I don't really see the influence of things like LLMs (or StackOverflow or improved search engines) as simple productivity. People do what they can with very complex value estimates and comfort levels. If they are less productive in a careful measure it may mean they are doing a lot of high value low hanging fruit across areas they were afraid to touch.

The trouble with highly productive specialists is that they produce a ton of high quality results where the demand is not really there and has to be artificially made. Even if you find enough work for them it often means the incremental cases are things you wouldn't have bothered with. A specialist branching to work slowly in related yet further related areas is a lot more value and can work with an oracle so flawed that it barely beats chance..

With juniors it is much more complex, but they have always been a useless consideration in productivity. Not having them has always been highly productive in the short term but has long term consequences.


It's fine for a Django app that doesn't innovate and just follows the same patterns for the 100 solved problems that it solves.

The line becomes a lot blurrier when you work on non trivial issues.

A Django app is not particularly hard software, it's hardly software but a conduit from database to screens and vice-versa; which is basic software since the days of terminals. I'm not judging your job, if you get paid well for doing that, all power to you. I had a well paying Laravel job at some point.

What I'm raising though is the fact that AI is not that useful for applications that aren't solving what has been solved 100 times before. Maybe it will be, some day, reasoning that well that it will anticipate and solve problems that don't exist yet. But it will always be an inference on current problems solved.

Glad to hear you're enjoying it, personally, I enjoy solving problems, not the end result as much.


I think the 'novelty' goalpost is being moved here. This notion that agentic LLMs can't handle novel or non-trivial problems needs to die. They don't merely derive solutions from the training data, but synthesize a solution path based on the context that is being built up in the agentic loop. You could make up some obscure DSL whole cloth, that has therefore never been in the training data, feed it the docs and it will happily use it to create output in said DSL.

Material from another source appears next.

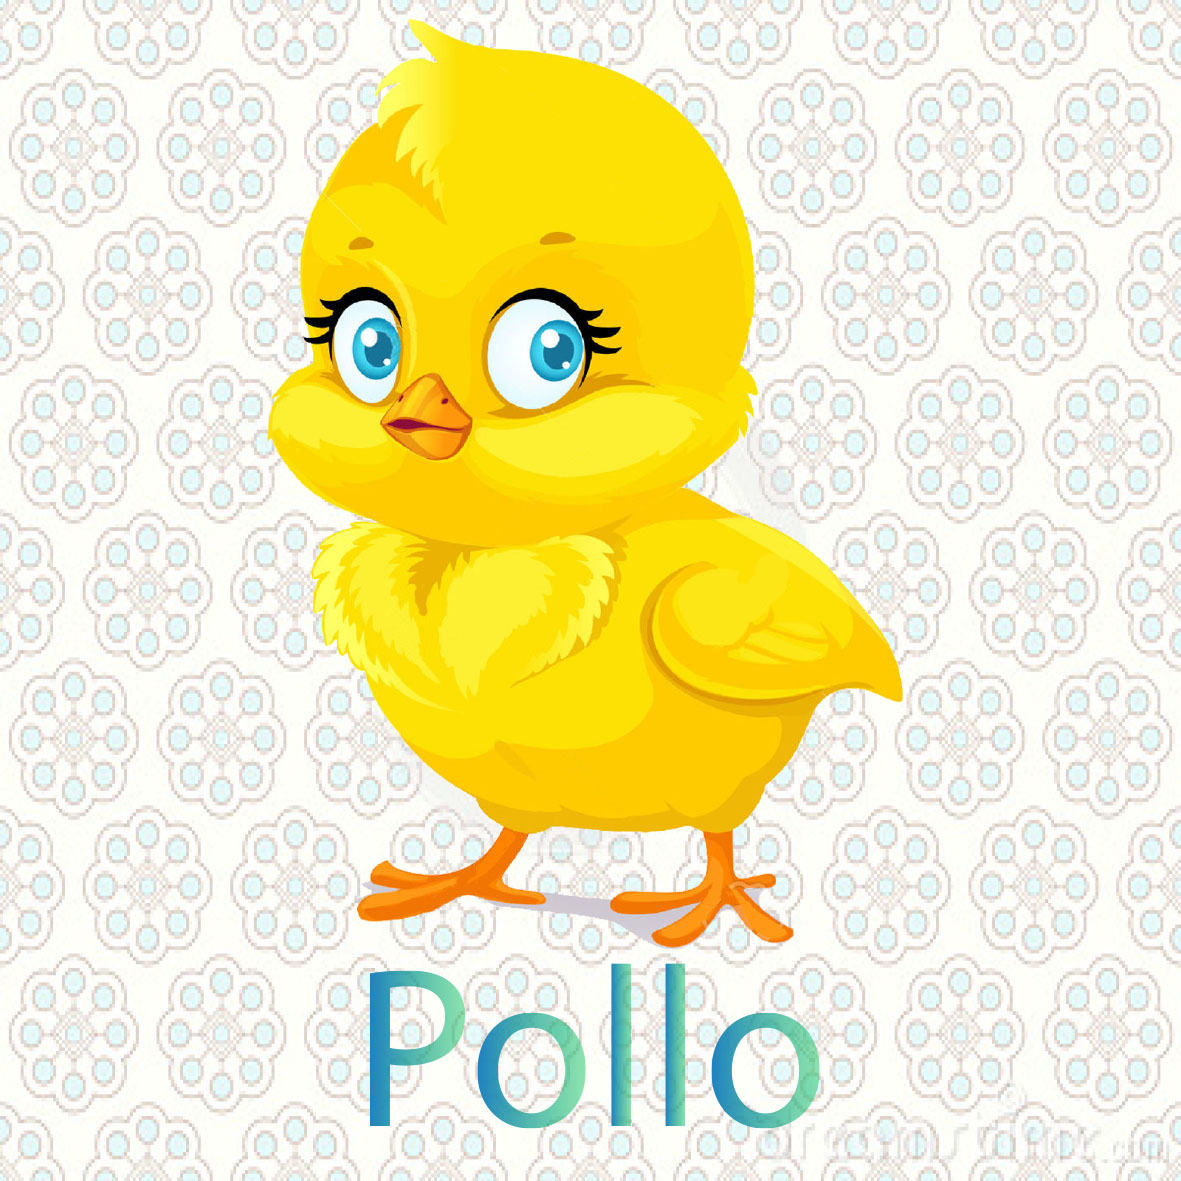  imagen de un pollo ,  tiene dos patas un pico y dos alas son aves de color amarillo comen gusanos o maiz y viven en las granjas

Also, almost all problems are composite problems where each part is either prior art or in itself somewhat trivial. If you can onboard the LLM onto the problem domain and help it decompose then it can tackle a whole lot more than what it has seen during pre- and post-training.


> You could make up some obscure DSL whole cloth, that has therefore never been in the training data, feed it the docs and it will happily use it to create output in said DSL.

I have two stories, which I will attempt to tie together coherently in response.

I'm making a compiler right now. ChatGPT 4 was helpful in the early phases. Even back then, its capabilities with reading and modifying the grammar and writing boilerplate for a parser was a real surprise. Today 5.2-Codex is iterating on the implementation and specification as I extend the language and fill in gaps in the compiler.

Don't get me wrong, it isn't a "10x" productivity gain. Not even close. And the model makes decisions that I would not. I spent the last few days completely rewriting the module system that it spit out in an hour. Yeah, it worked, but it's not what I wanted. The downsides are circumstantial.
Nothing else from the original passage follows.